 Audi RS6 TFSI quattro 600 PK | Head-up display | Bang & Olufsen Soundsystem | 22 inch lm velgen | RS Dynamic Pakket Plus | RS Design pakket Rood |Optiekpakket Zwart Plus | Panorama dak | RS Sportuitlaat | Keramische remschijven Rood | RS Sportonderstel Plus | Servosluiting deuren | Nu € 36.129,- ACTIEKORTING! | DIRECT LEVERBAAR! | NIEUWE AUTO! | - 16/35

::::

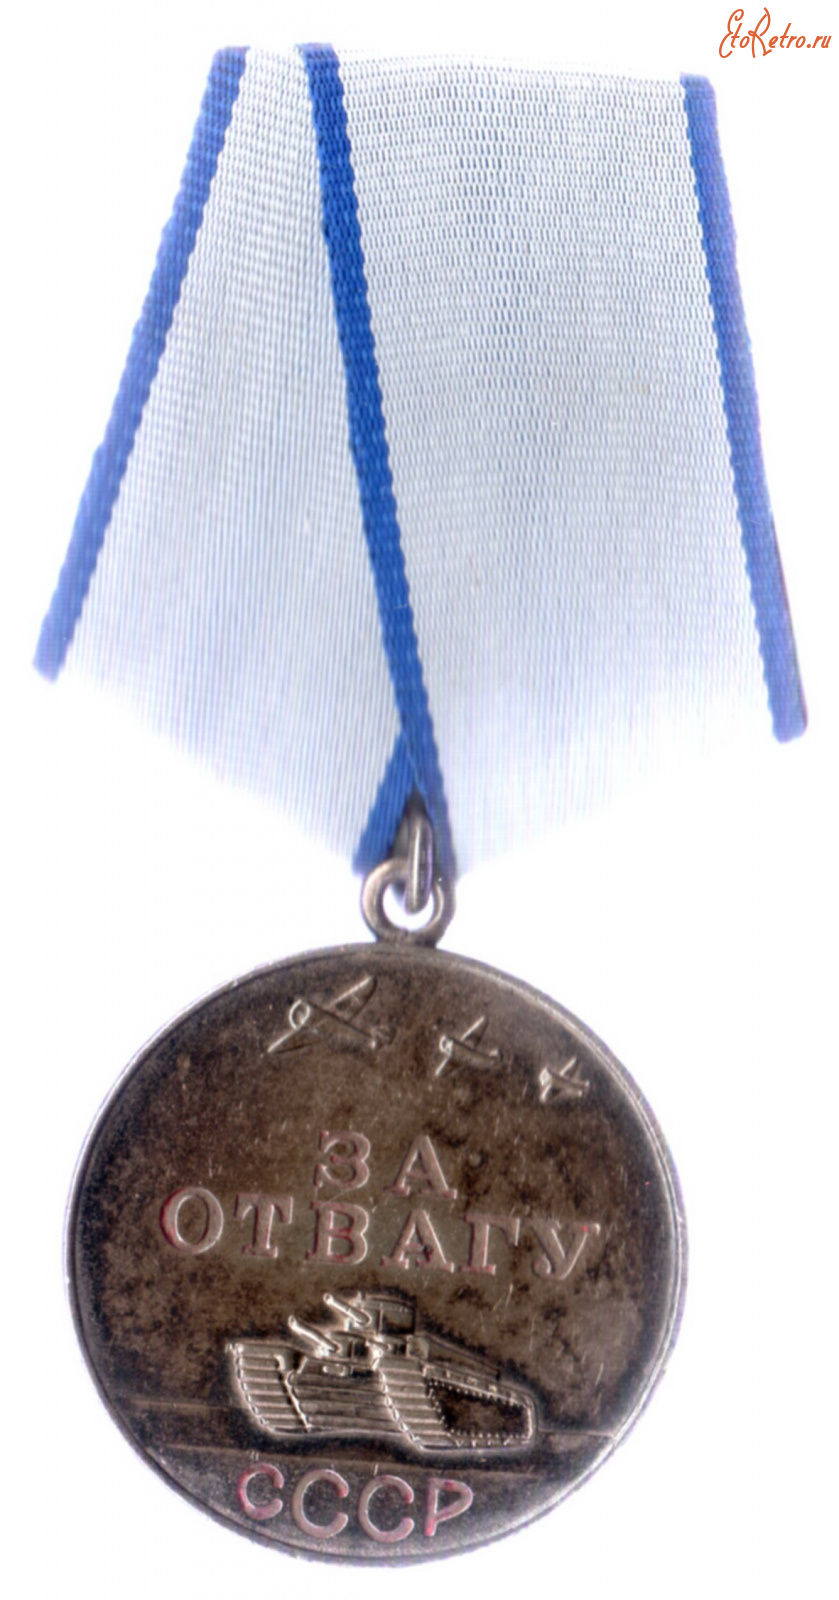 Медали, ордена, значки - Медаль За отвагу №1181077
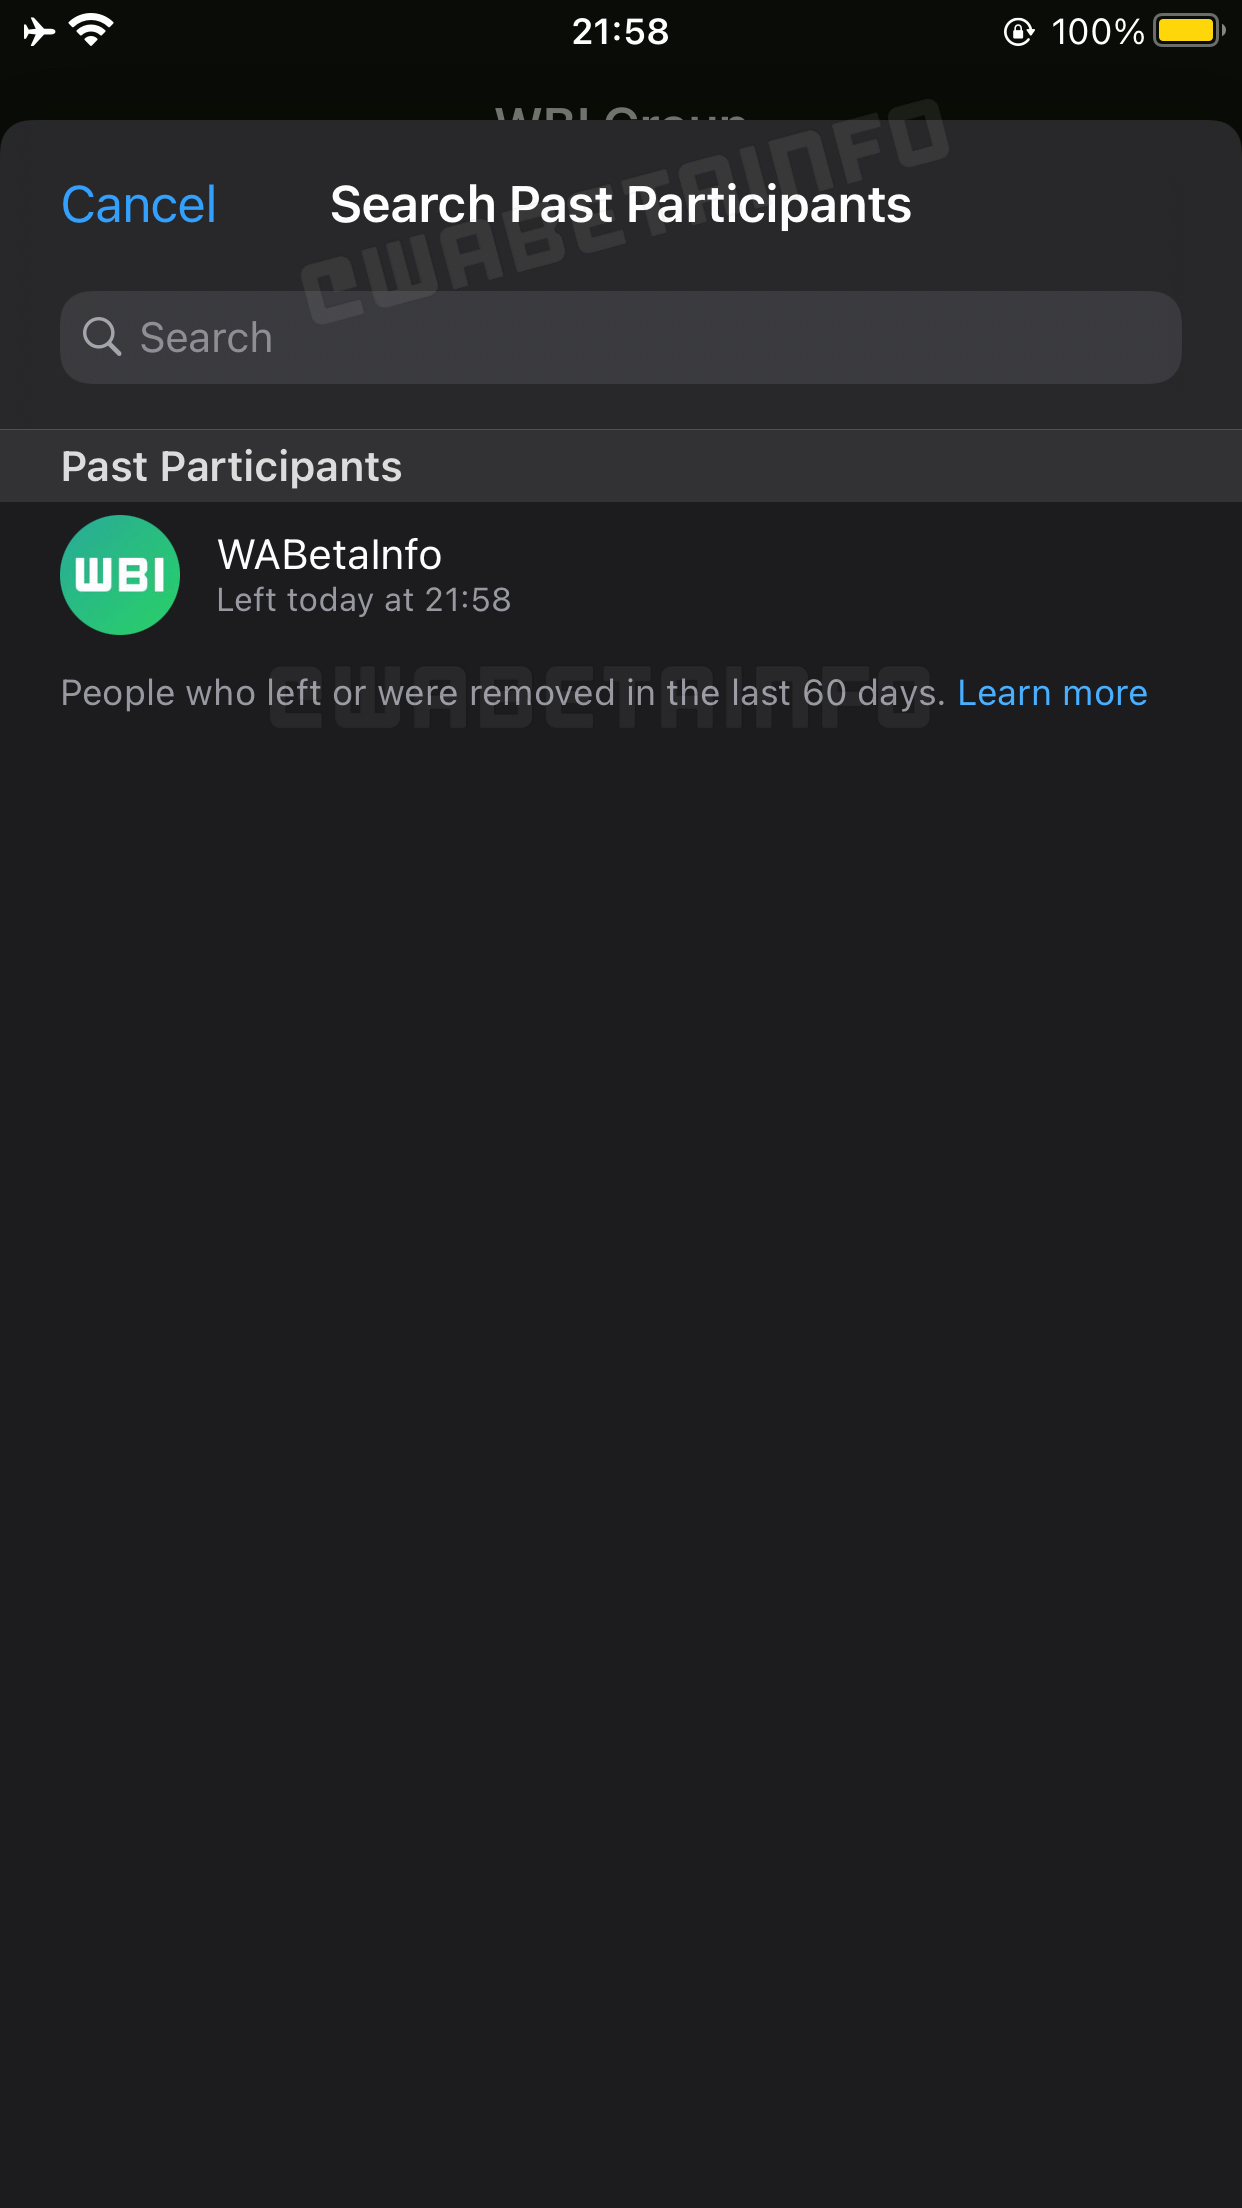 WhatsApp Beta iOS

::::

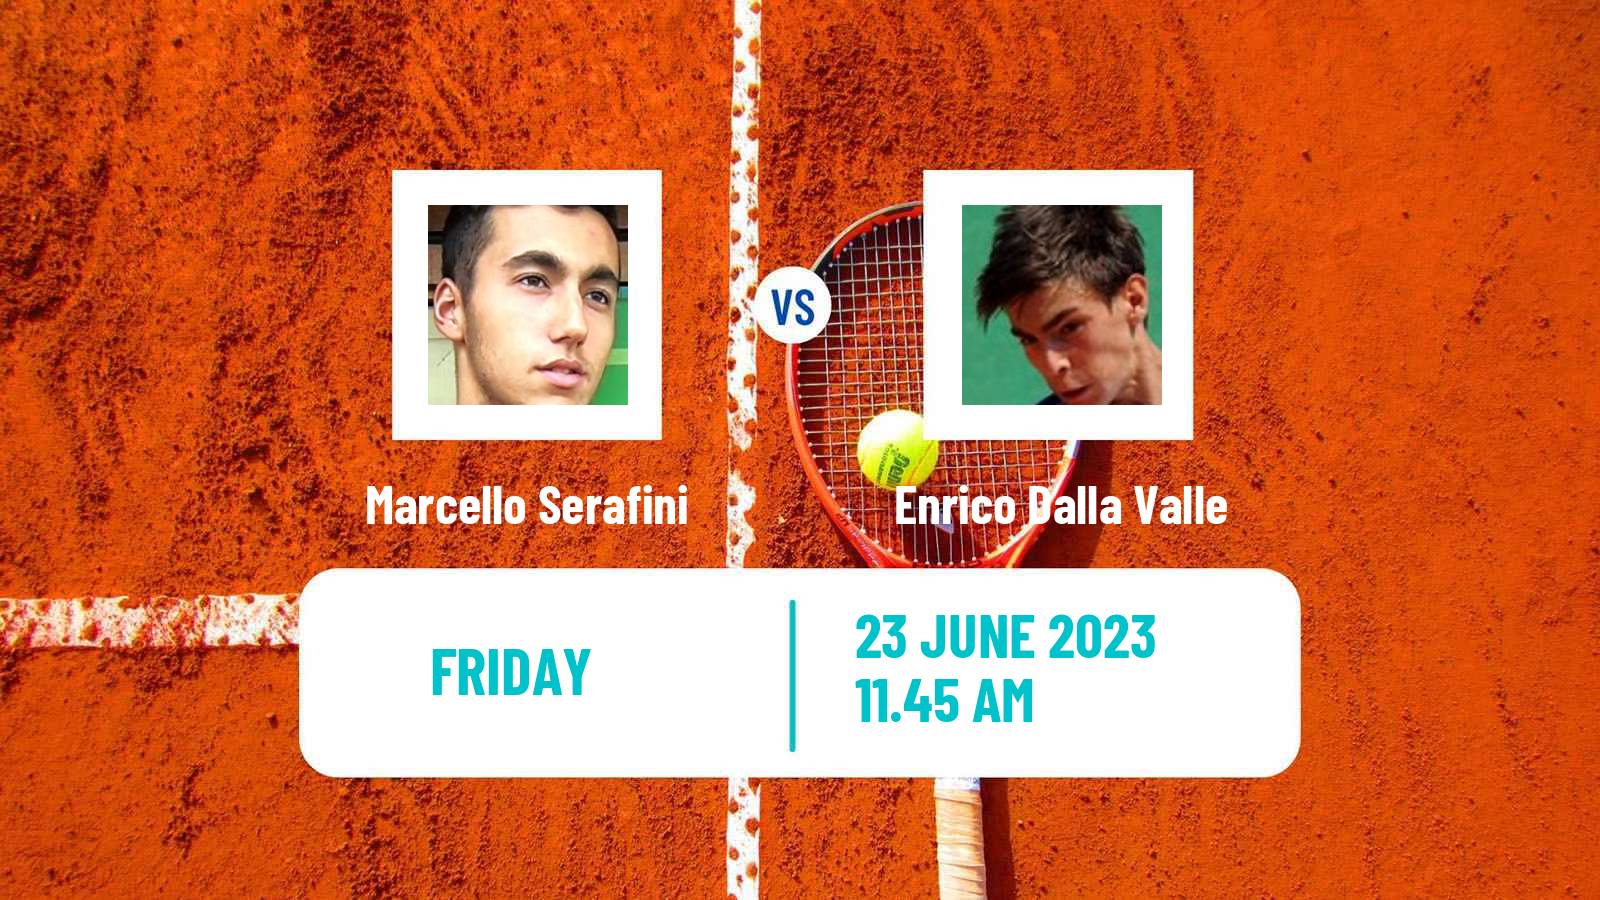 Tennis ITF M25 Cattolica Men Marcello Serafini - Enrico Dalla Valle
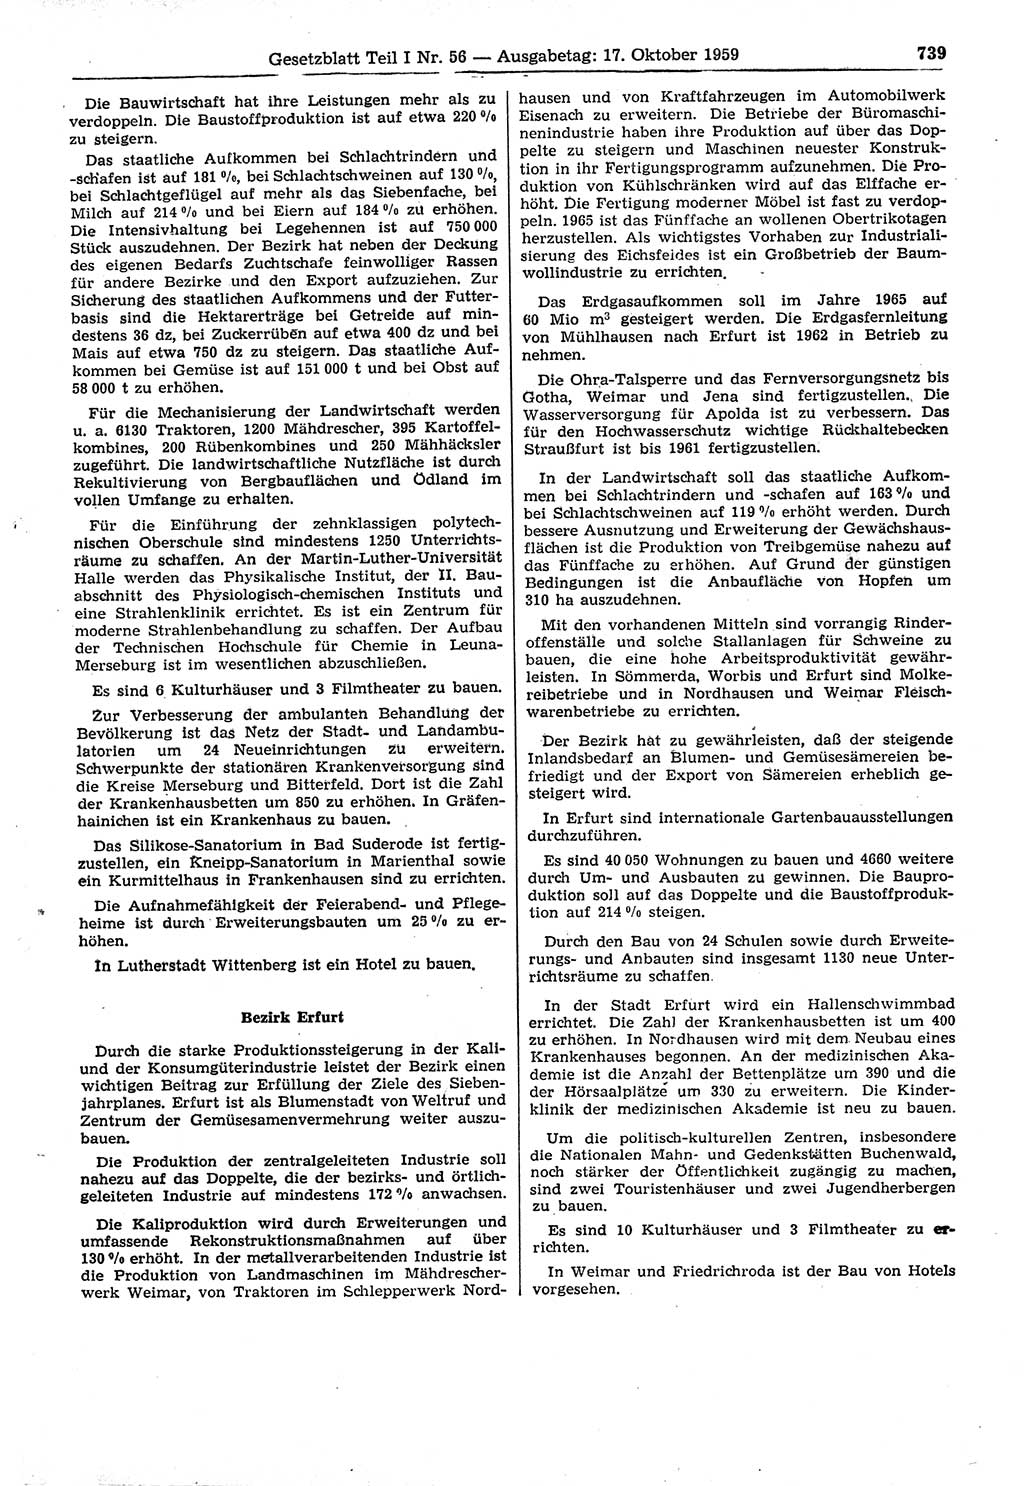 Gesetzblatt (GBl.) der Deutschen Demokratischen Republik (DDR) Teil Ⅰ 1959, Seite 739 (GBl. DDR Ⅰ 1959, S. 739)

::::

**EXERCISE INSTRUCTIONS:**
The reply should hold the entries above from the line with "Медали, ордена, значки" to the line with "WhatsApp Beta iOS", duplicated exactly, pictures excluded.

**ANSWER FOR THE TASK:**
 Медали, ордена, значки - Медаль За отвагу №1181077
 WhatsApp Beta iOS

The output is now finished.